Linking of oxidative stress and mitochondrial DNA damage to the pathophysiology of idiopathic intrauterine growth restriction.

Abstract

Objective: A common and serious pregnancy issue known as intrauterine growth restriction (IUGR) occurs when the fetus is unable to reach its full growth potential. Mitochondria are crucial to the development of the fetus and the placenta. We aimed to elucidate the role of oxidative stress parameters and markers of DNA damage. The integrity of the mitochondrial DNA (mtDNA) was studied.

Materials and methods: Blood samples were collected from 48 females (cases and controls, respectively). Oxidative stress parameters were analyzed. DNA was extracted followed by high-performance liquid chromatography to study 8-OH-dG and mt DNA by real-time polymerase chain reaction. Western blot analysis was performed for nuclear-encoded mitochondrial proteins and DNA damage markers.
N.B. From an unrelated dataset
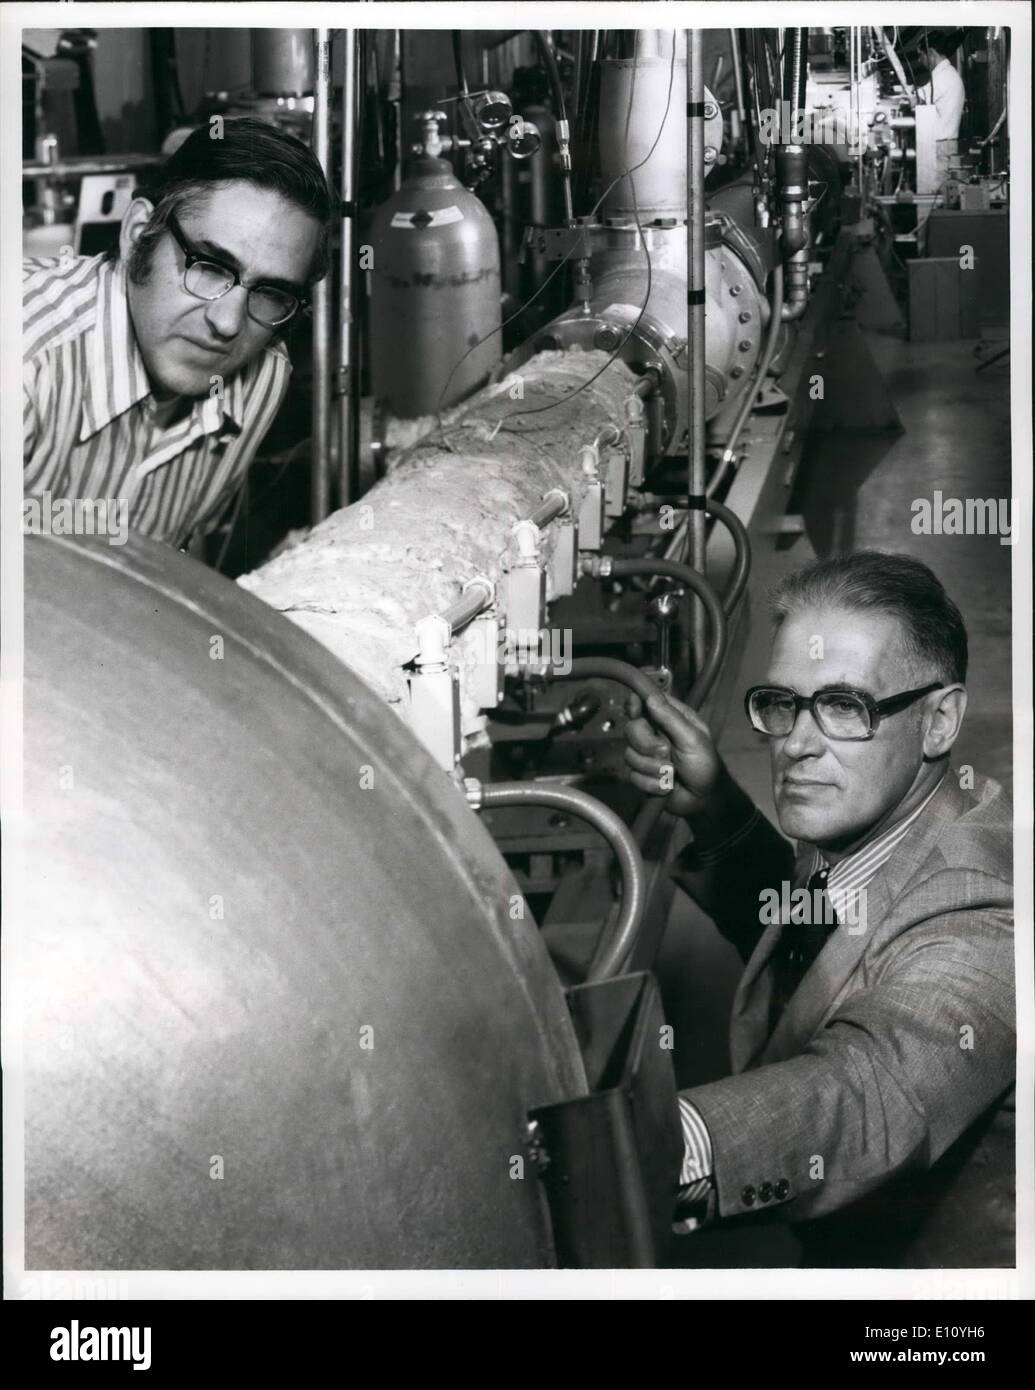 10 octobre 1974 - Plus de puissance. Une explosion de gaz chaud à rugissant, 3 000 miles par heure dans cette 60 pieds de lon.g shock tunnel à General Electric en sciences spatiales Laboratoire a brisé la barrière ''efficacité'' qui a calé magnétohydrodynamique (MHD) electric power research au cours des dix dernières années. Dr. Leo Steg (à droite), gestionnaire de la laboratoire GE à Valley Forge, Pennsylvanie , dit la formidable avancée est une étape importante dans l'exploration de la promesse de MHD à cycle fermé pour l'option de l'énergie -réaliste la utilitaires, à cycle fermé de GE MHD équipe de recherche, dirigée par le Dr Banque D'Images

Results: When pregnant women were compared to non-pregnant women in their first, second, and third trimesters, a highly significant progressive drop in circulating mtDNA was found. In addition, mtDNA was considerably higher in mothers carrying IUGR fetuses than in healthy pregnancies. Sirtuin-3 protein expression was considerably suppressed in the IUGR placenta (P = 0.027), whereas Nrf1 expression was not statistically different from the control group in the IUGR. Increased oxidative stress led to greater DNA damage in IUGR. The highest concentrations of 8-OH-dG were found in IUGR with levels significantly higher than those in the non-pregnant group.

Conclusion: Our research sets the path for further investigation into mitochondrial anomalies in IUGR pregnancies and offers evidence for disturbed mitochondrial homeostasis. The mtDNA might offer a fresh perspective on the processes involved in physiological gestation. In addition, the presence of mtDNA may aid in the diagnosis of IUGR during pregnancy.